Прошел месяц, другой. Лера не жила с матерью в Хоне-Десновой, она жила в поселке Новостройном, что примерно в сорока-пятидесяти километрах. Лера устраивалась там на работу и возвращаться в институт не собиралась. И, как оказалось, не только потому, что хотела быть возле одинокой и разом постаревшей матери.
Когда Лера не ответила на мое письмо, которое я послал в Новостройный «до востребования», я не встревожился. Я спокойно ждал начала занятий в институте, чтобы прибыть в Москву и, как всегда пробравшись через ряды сокурсников, сесть возле Леры в лекционной аудитории, а уж там (шепотом) расспросить ее, как и что. После лекций, проводив Леру, я поднимусь к ним домой, и вот Лера и Анна Романовна за чаем с печеньем уже подробно расскажут об Иннокентии Сергеевиче – о том, что они там видели и что узнали о последних годах его жизни… Кажется, я даже предчувствовал, как приятно будет в тот час пить у них чай – сидеть за круглым столом, под низко висящей, неяркой лампой, протягивая раз за разом руку к печенью, что в расписной небольшой вазе.
Как вдруг я получил от Леры письмо, совсем краткое и показавшееся мне грубоватым. Лера писала, что наконец-то она «живет настоящей жизнью». И что я был совершенно прав, стократ прав, когда говорил ей о том, что мы слюнтяи и что живем жизнью наперед запрограммированных, жалких специалистов, в то время как настоящая жизнь с запахами, звуками, красками проходит от нас вдали.
На том письмо и заканчивалось, как бы обрывалось, но в конце была еще более краткая приписка, которая меня больно ударила: я и влюбилась тут тоже по-настоящему! – приписала Лера, поставив восклицательный знак очень ясно и четко.
В тот же вечер я помчался на наш небольшой вокзал и отправился в Новостройный. По расстоянию да и по карте (поскольку ехать с Урала на Урал) было туда не слишком далеко, но, поскольку ехать в Зауралье приходилось местным поездом, с пересадкой и с дополнительным ожиданием, связанным с четными и нечетными днями, это оказалось вовсе не близко. Я добирался почти вдвое больше, чем до далекой Москвы.

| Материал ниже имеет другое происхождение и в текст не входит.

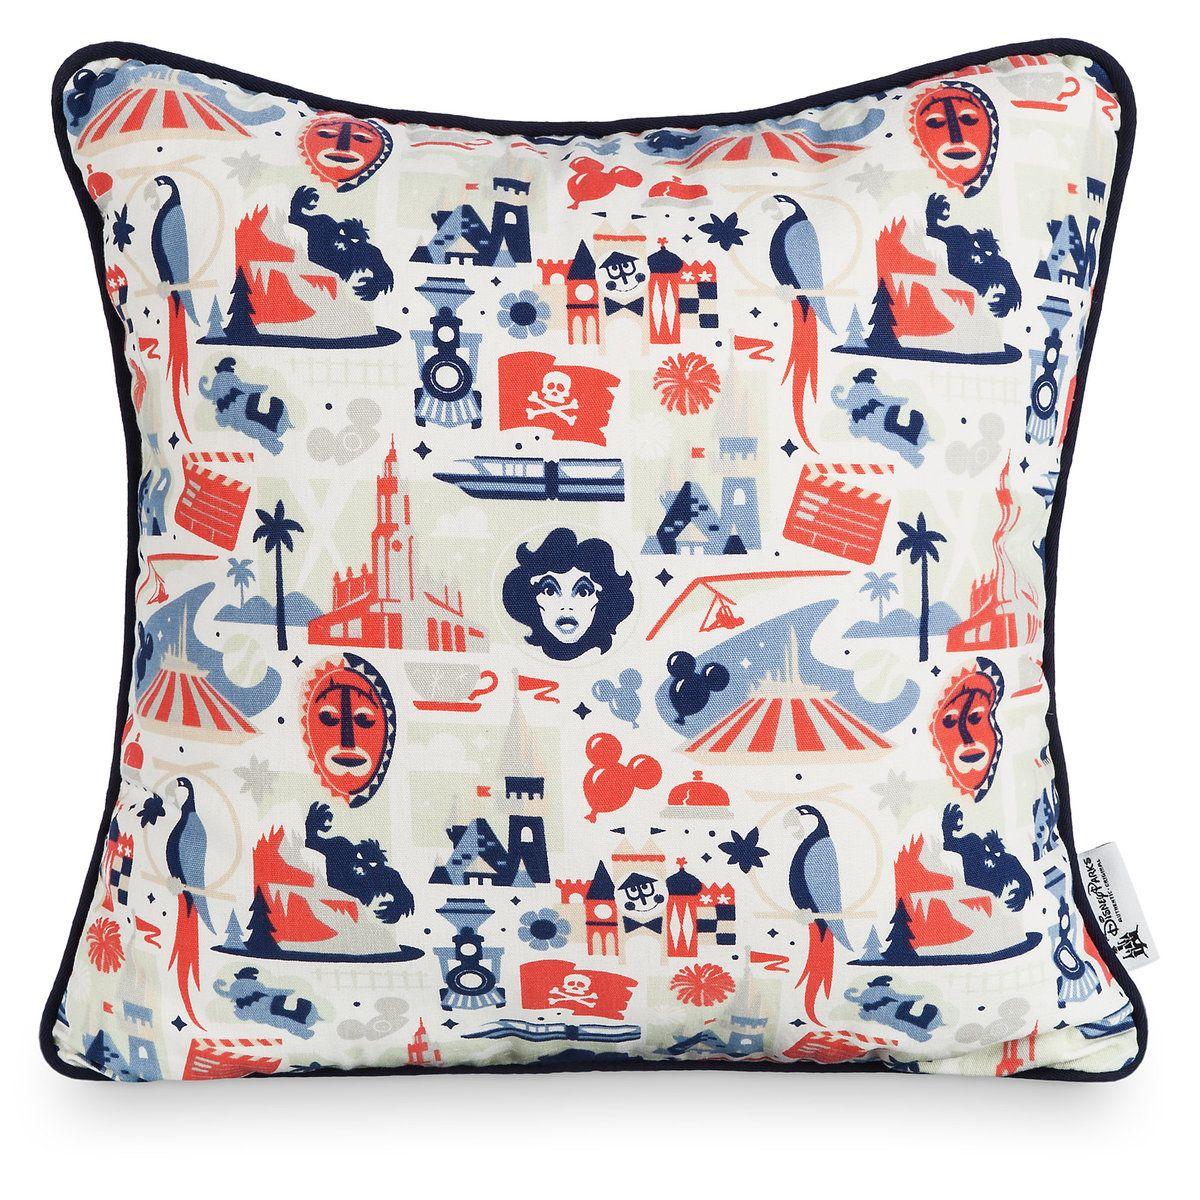 Disney Parks Icons Pillow
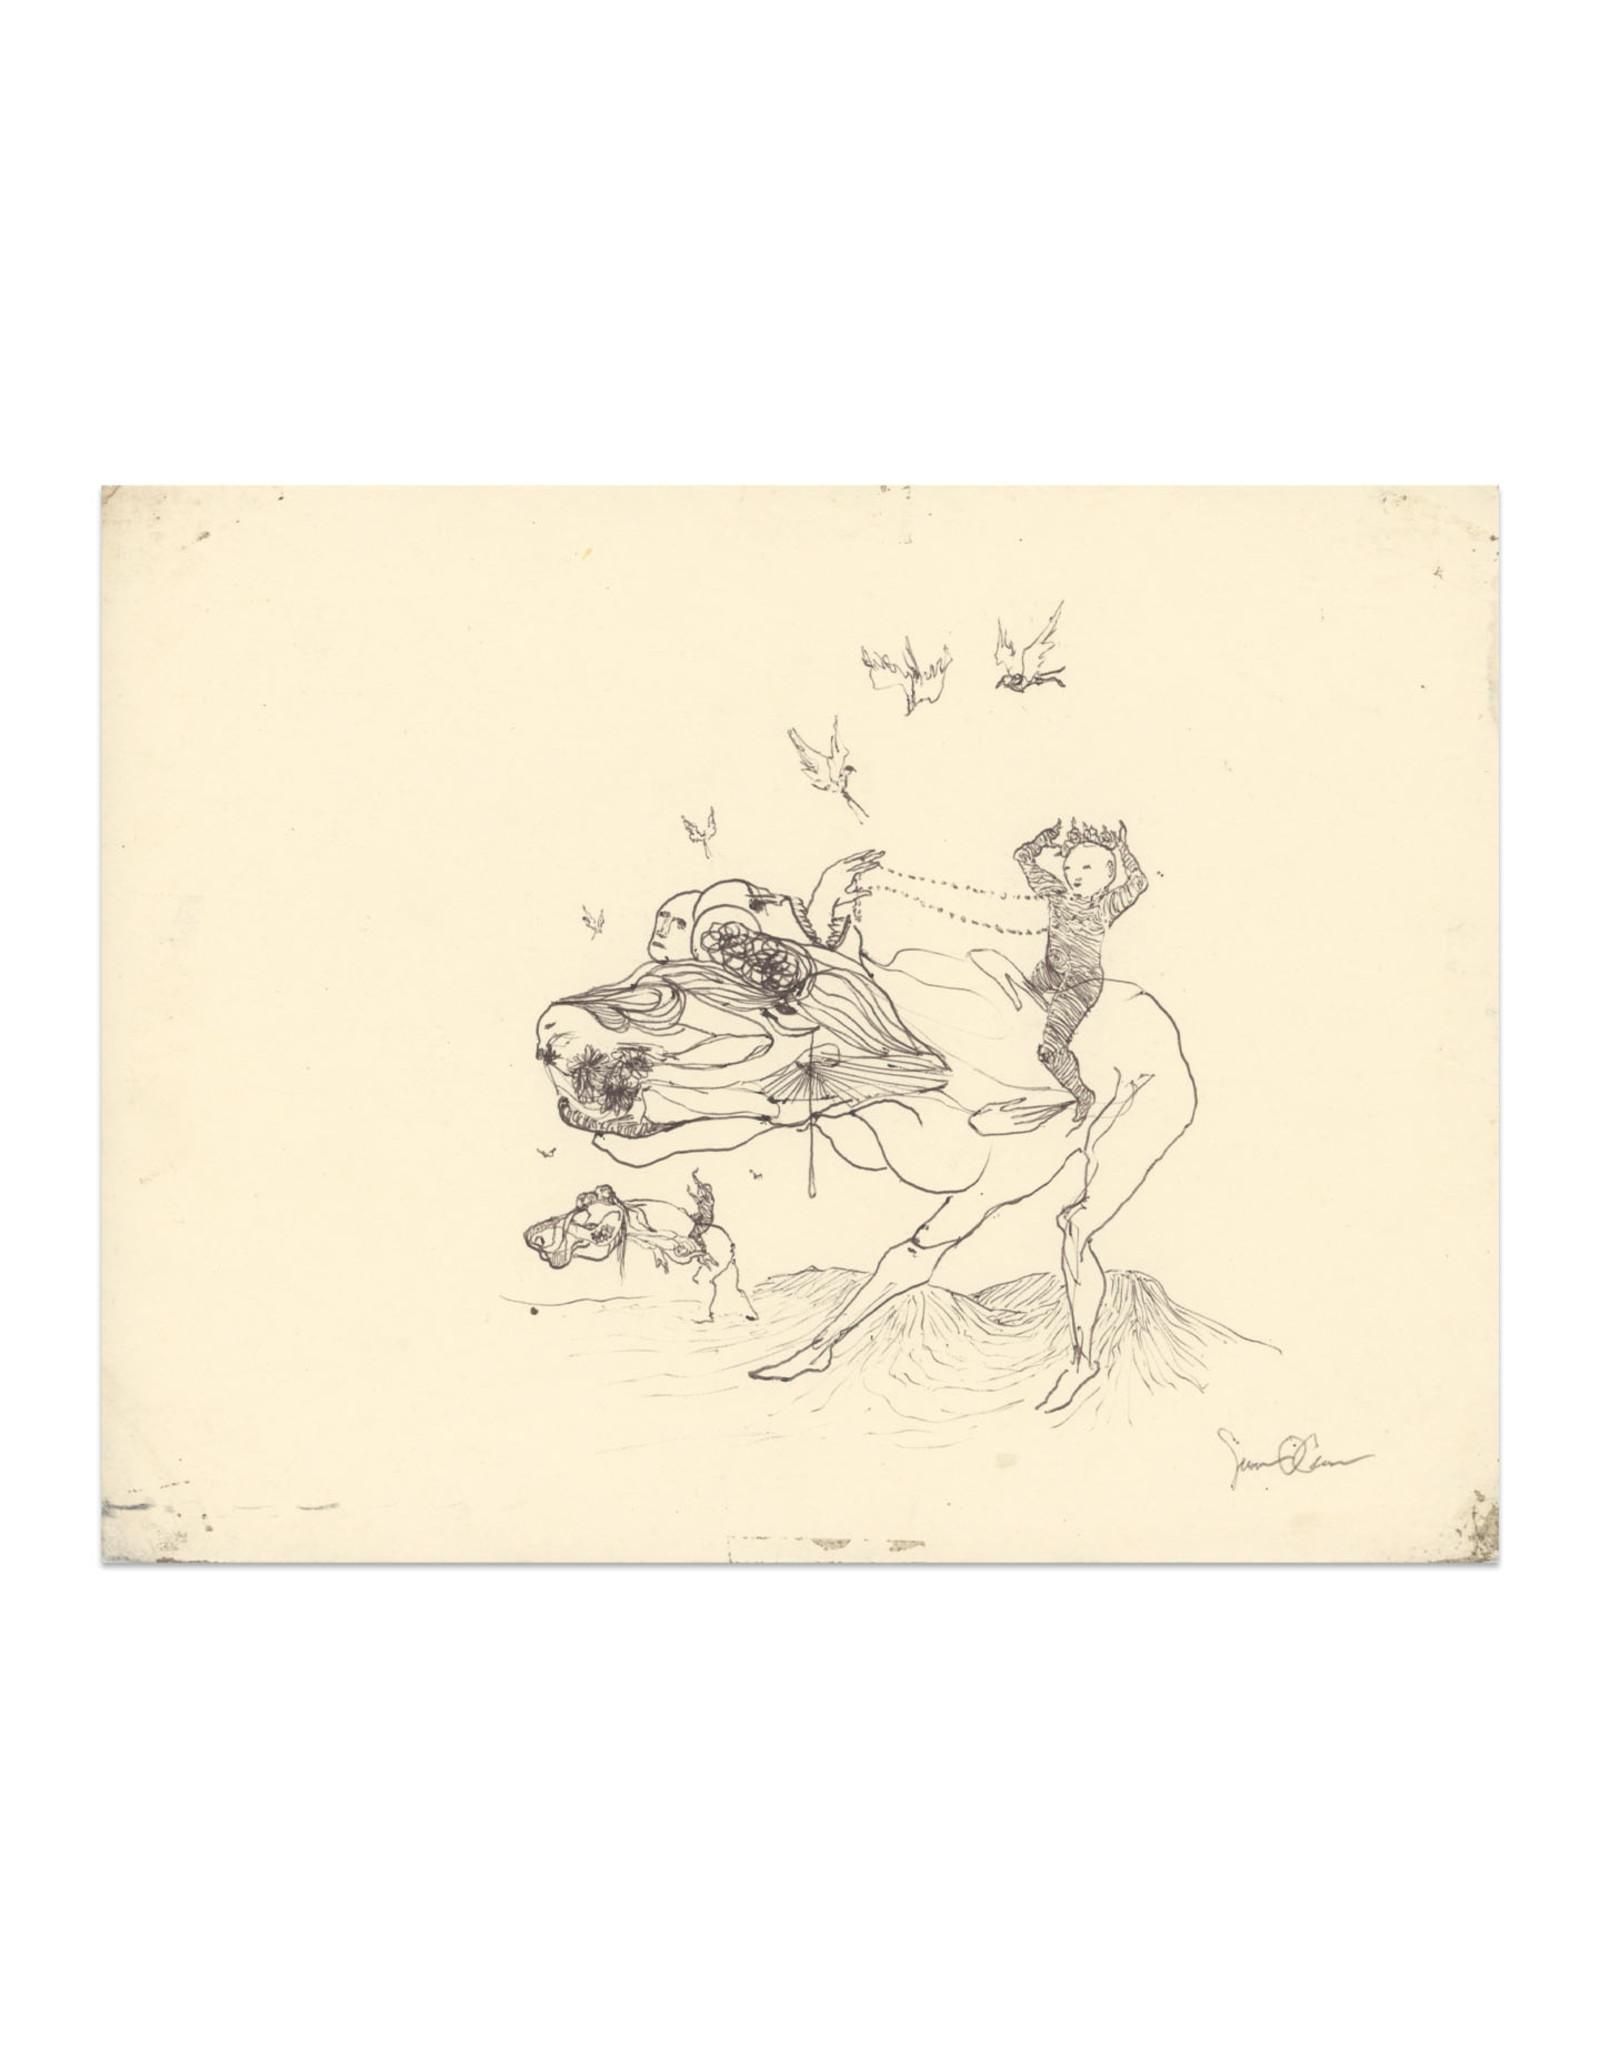 Senan O'Connor Sketchbook Original Drawing No. 1

Сердце мое ныло; я старался как-то отвлечься, не думать, через ноющую боль занимал себя (и словно бы уже утешал) мыслью о приобщенности; так или не так, но теперь я тоже, как и Лера, буду там и буду приобщен к тем людям, к той их страдальческой жизни. Старый вагон тяжело клацал, затем он так неохотно скрежетал при разгоне, а разогнавшись – чугунно, пугающе гудел. Так и было: я спешил к Лере, а выбранный мной в герои Леша-маленький спешил догнать ушедшую через горы старательскую артель. Каждый в своем времени, мы оба спешили.
Уже в первый день в Новостройном я мог бы понять, что для Леры выбор в любви был определен и в какой-то мере подготовлен моими же горячечными разговорами. Тот, кого Лера выбрала, был шумный мужчина лет тридцати, недавно отсидевший в лагере, а сейчас работавший на поселении шофером. Уже в том письме Лера словно бы переступила, словно бы через самое себя. Буянистый молодой мужик, грубоватый и с обветренным, медным лицом, он был даже красив. Нам (для наших студенческих лет и воззрений) он казался человеком пожившим, взрослым и, несомненно, пострадавшим. Для всех прочих, живущих в поселке, он был попросту бывший зек Вася.
Мы его, конечно, звали Василием.
Лера лишь чуть смутилась, когда я приехал, – она не таилась, она вся была в новом своем увлечении и восхищенно описывала мне Василия и его жизнь; конечно, Василий не был репрессирован – но все равно он был несколько лет в лагере, страдал – верно?.. Лера уверяла меня, что я пойму ее выбор, как только его увижу. Поклонение ее было самозабвенно, чувство – искренно, а с былым (с нашим былым) было покончено.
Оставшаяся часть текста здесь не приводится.